Another ten months after the August resolution of the Security Council was
adopted the Indian Government took a fateful step and formally recognised
the right the Muslims for Jammu and Kashmir to a separate freedom, when in
May 1949, it agreed to exclude Jammu and Kashmir from the constitutional
organisation of India. In November 1949, the Constituent Assembly of India
incorporated provisions in the Constitution of India which left out the
State from the constitutional structure which it had evolved for the
Dominion as well as the Princely States which had acceded to India  and
after years of labour. The special provisions for the State, embodied in the
Constitution of India, stipulated the application of only Article if the
Constitution of India to the State. A blanket limitation was imposed upon
the application of the rest of the provisions of the Constitution of India
to the State. The Union Government was empowered to exercise powers listed
in the Central list of the Seventh Schedule of the India Constitution only
in respect of defence, foreign affairs and communications which corresponded
with the powers delegated by the State to the Dominion Government by virtue
of the Instrument of Accession.

The Interim Government of the State, constituted by the National Conference
insisted upon the right to frame a separate constitution for the State,
which fulfilled the aspirations of the Muslims who constituted a majority of
its population.
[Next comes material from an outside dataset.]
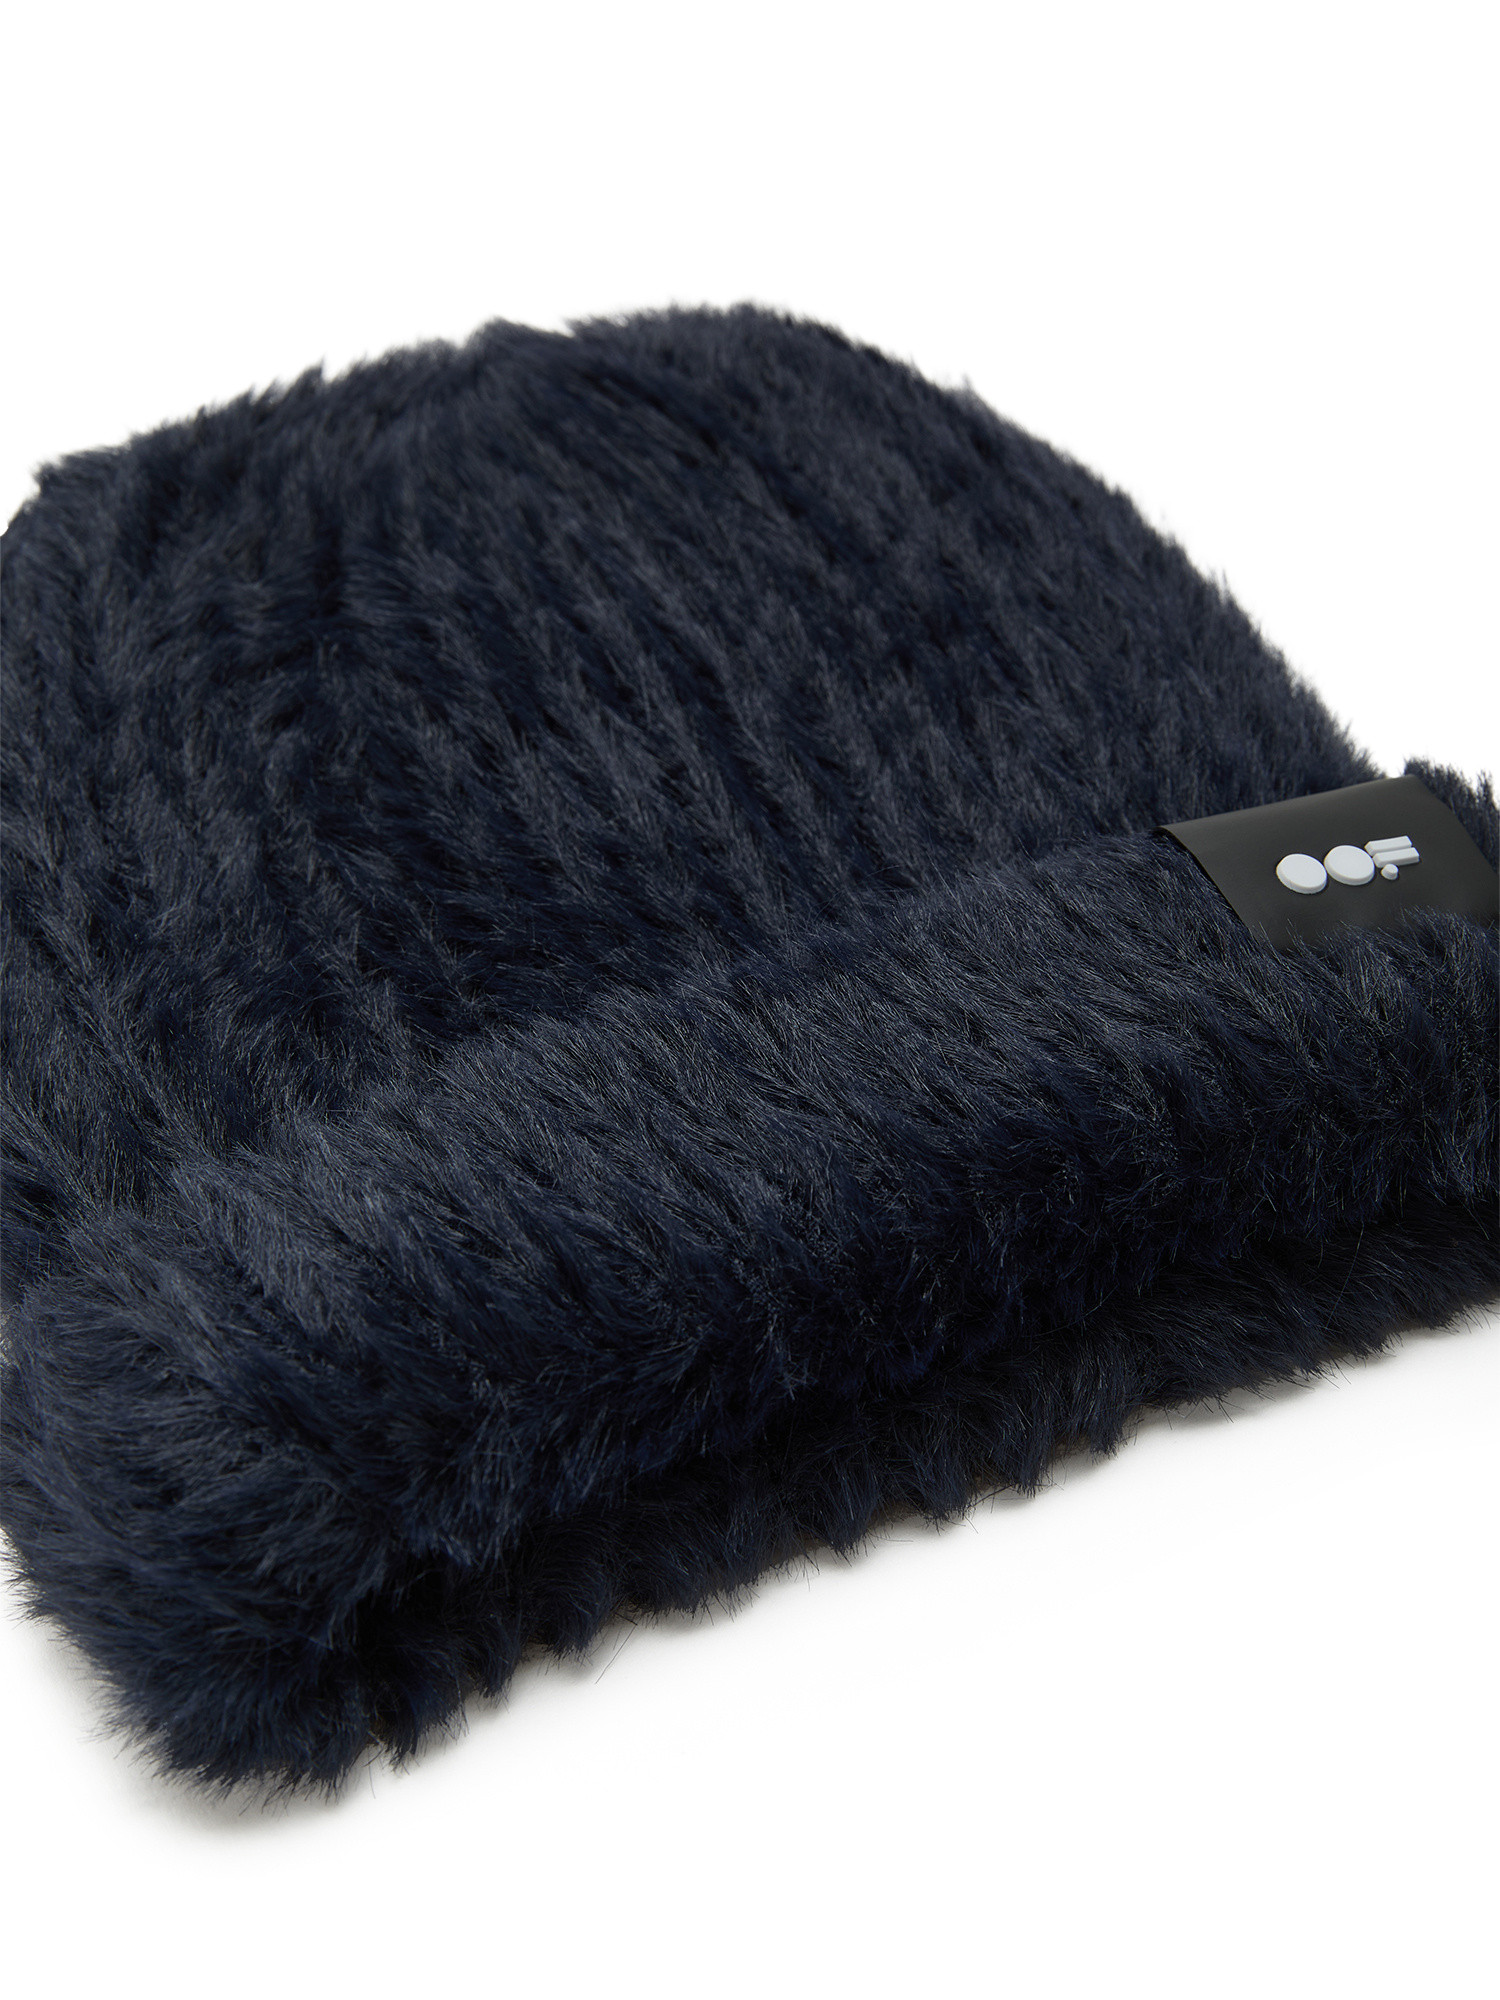 Oof Wear - Wool blend hat, Dark Blue, large image number 1

The Interim Government arrogated to itself unrestricted
powers and ruled the State by decree and ordinance. Within six years of its
tenure, it completed the task of the Muslimisation of the State by enforcing
the precedence of Islam and the Muslim majority in its social, economic and
political organisation. In 1953, the Interim Government claimed a separate
freedom for the Muslim ‘nation’ of Kashmir. The Indian leaders had conceded
to the Muslims the right to constitute a Muslim State of Jammu and
Kashmiron the territories of
India. Confronted by the demand for a Muslim State outside the territories
of India, the Indian leaders were flustered. They refused to countenance the
Muslim demand for a separate Muslim State of Jammu and Kashmir, which did
not form a part of India. The Interim Government was dismissed and the
National Conference broke up.

Pakistan, the Muslim separatist and pro-Pakistan Muslim flanks joined by a
large section of the leaders and cadres of the National Conference, called
for a plebiscite in the State, which enabled the Muslims to exercise their
right of self-determination. They claimed that they had acquired in
consequence of the partition of India and which India, Pakistan as well as
the United Nations had explicitly recognised.
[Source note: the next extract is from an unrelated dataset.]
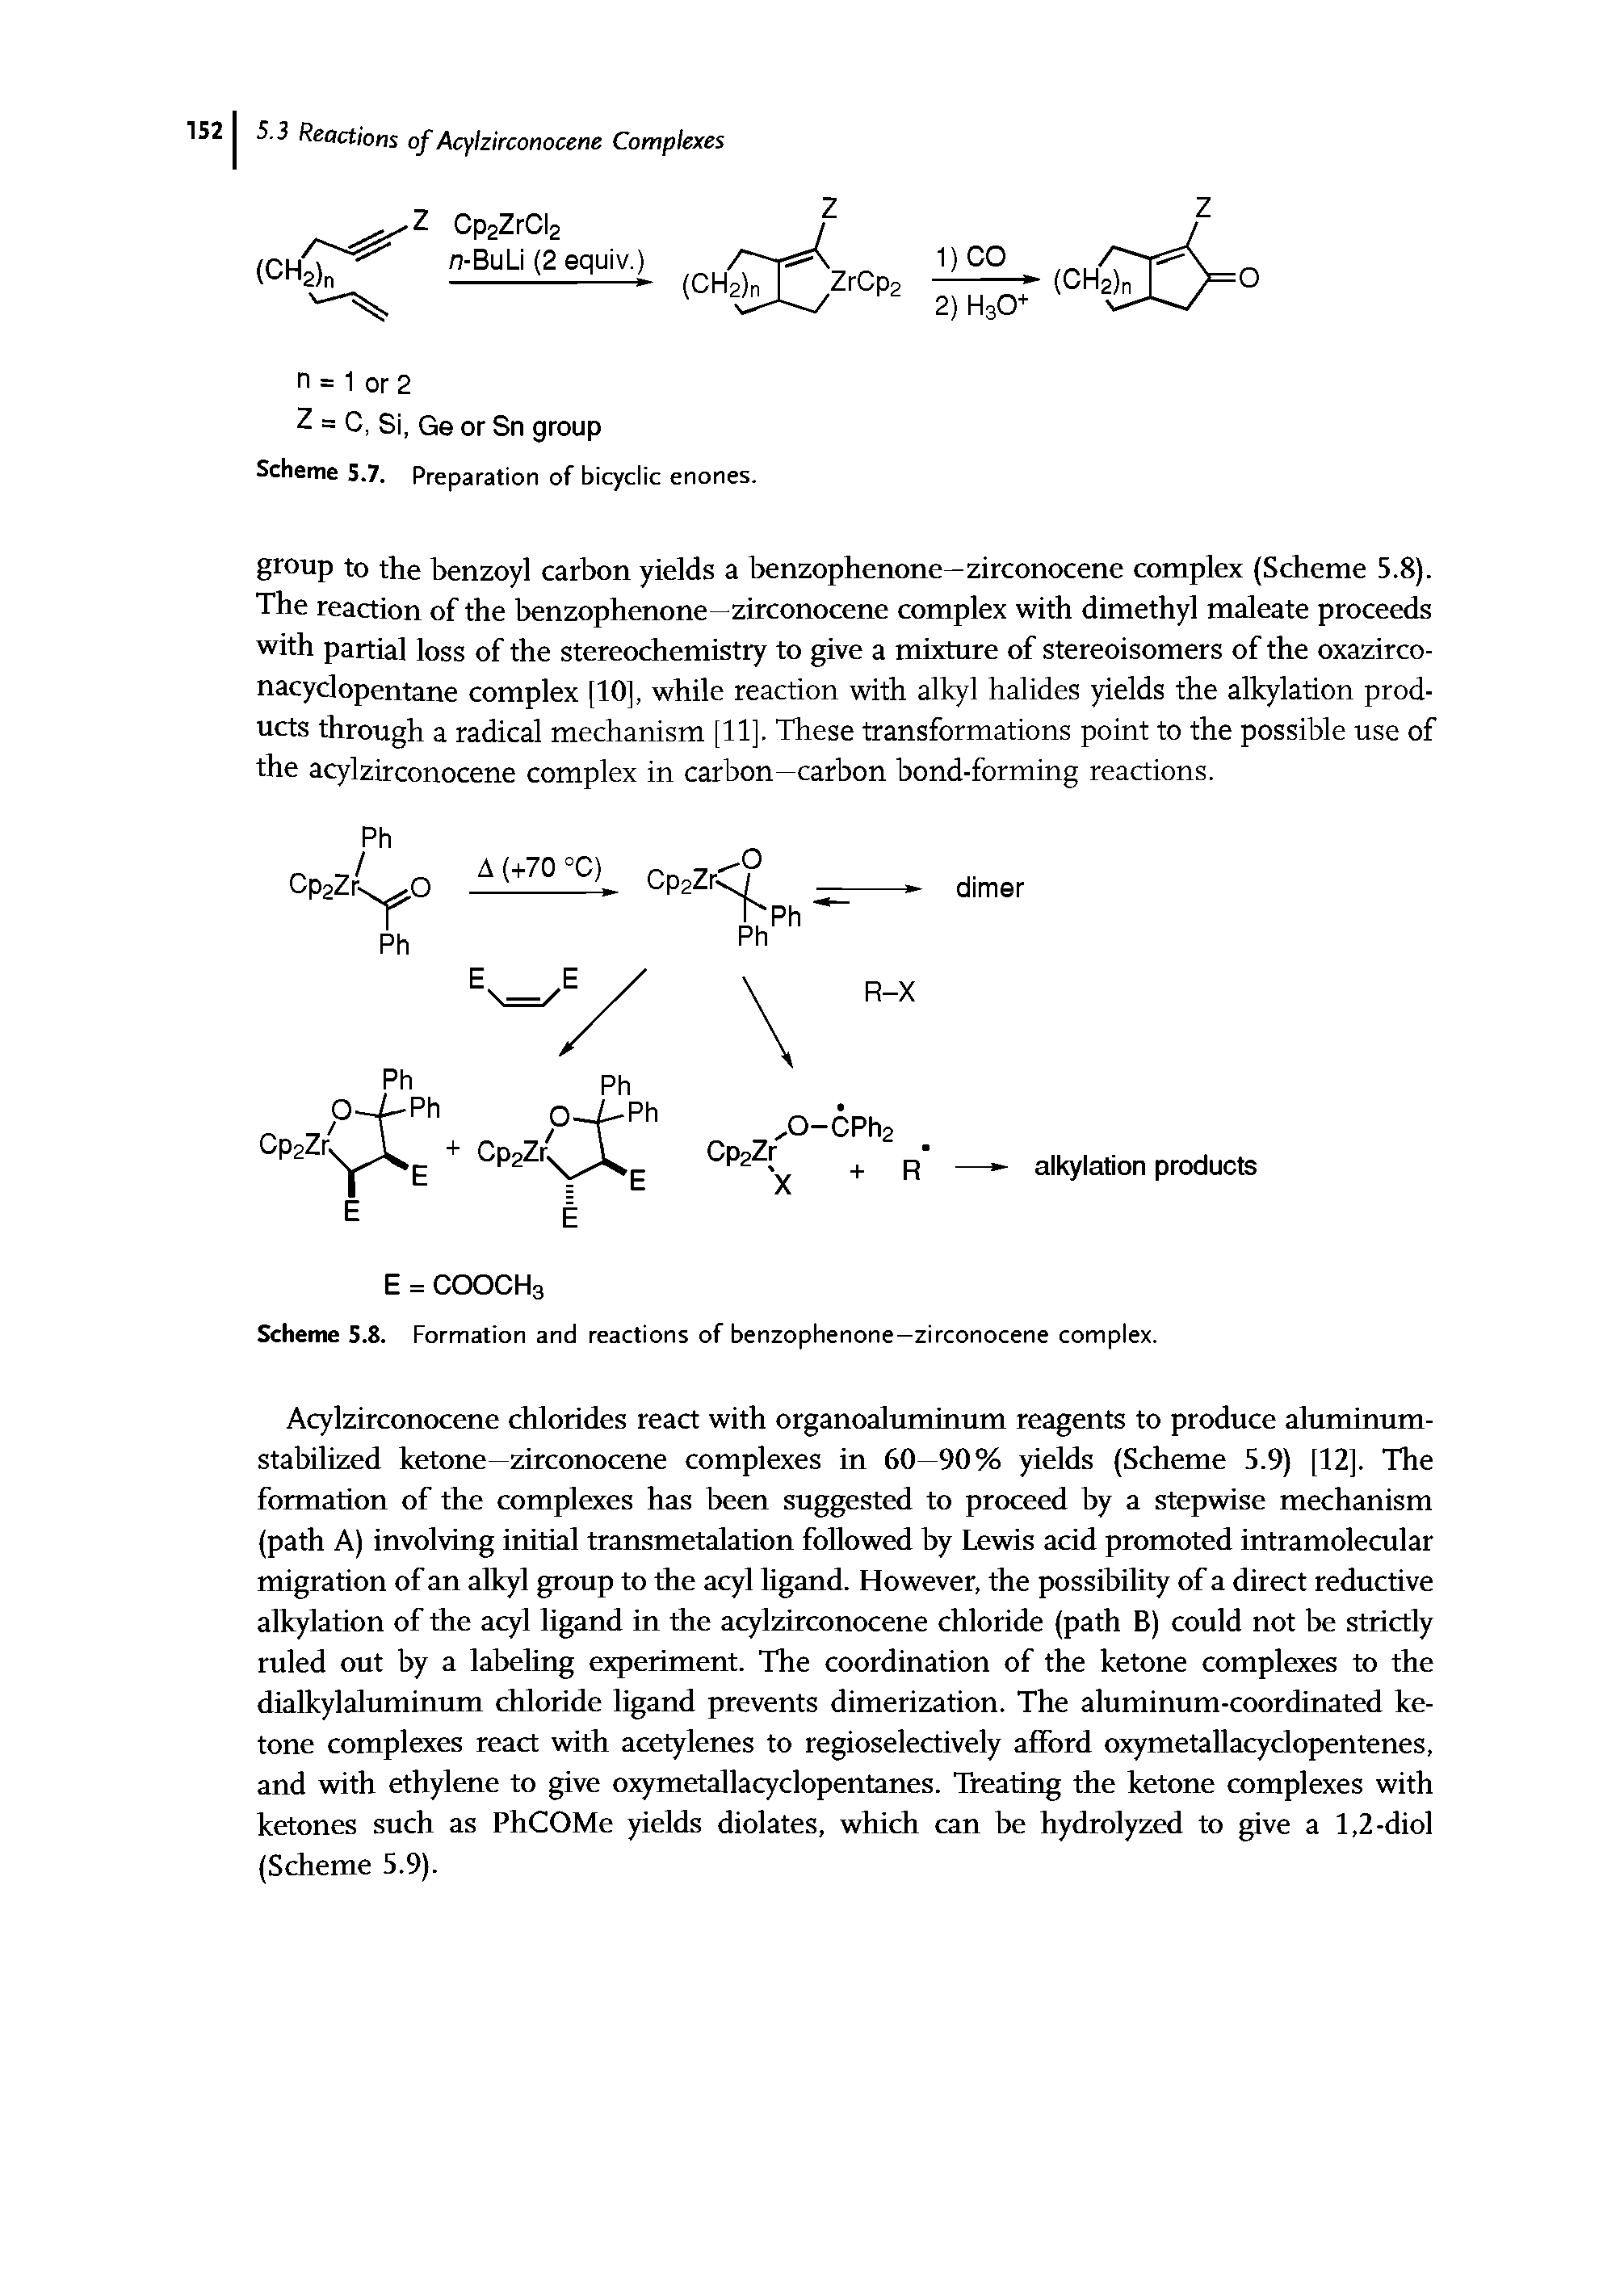 Scheme 5.8. Formation and reactions of benzophenone-zirconocene complex.

The Muslim separatist movement led by the Plebiscite Front, committed itself
to an ideological framework which was based upon the distortions of the
history of the partition of India. The ideological commitments of the
Plebiscite Front underlined : *(a) *that the right of the Muslims to a
separate freedom enmated from the partition of India and the creation of the
Muslim homeland of Pakistan; *(b) *that the right of the Muslims to a
separate freedom transcended the accession of the State to India, brought
about by the ruler of the State; and *(c) *that as a consequence of the
partition of India, the Muslims, constituting the majority of the population
of the State, had acquired an irreversible right to exercise their option to
join the Muslim State of Pakistan.

In 1990, the Muslim Jehad initiated by Pakistan and the Muslim separatist
forces in the State, claimed their aims to be the unification of Jammu and
Kashmir with Pakistan on the basis of the Muslim majority character of its
population to complete the agenda of the partition of India. The Jehad
claimed that Muslims of the State, as the Muslims elsewhere in India, had
acquired a right to a separate freedom which the  Muslim struggle for
Pakistan had secured the Muslim nation of India.
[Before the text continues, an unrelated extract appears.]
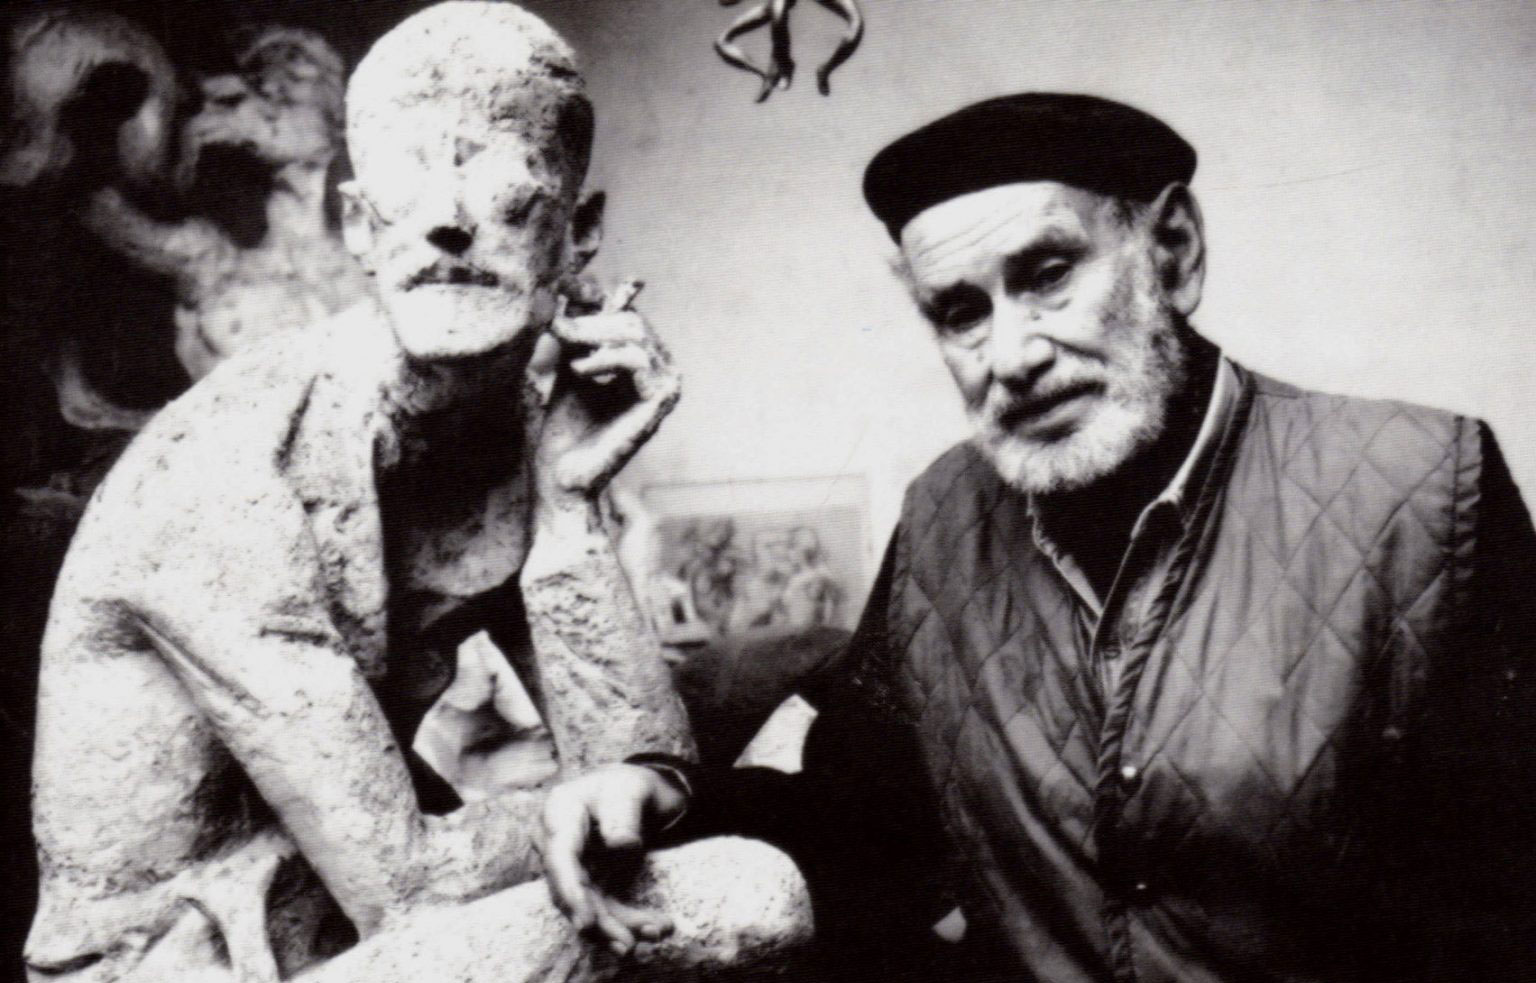 Sculptor Milton Hebald Carving in his Studio in Bracciano, Italy

The Indian Government and the Indian political class must realise that the
Muslims of the State did not acquire any right to separate freedom from the
partition of India, which brought Pakistan into being and any attempts to
arrive at a compromise with the Muslim separatists forces will lead straight
to a second partition of India. The Muslim claim to a separate freedom on
the basis of religious is a negation of the unity of India.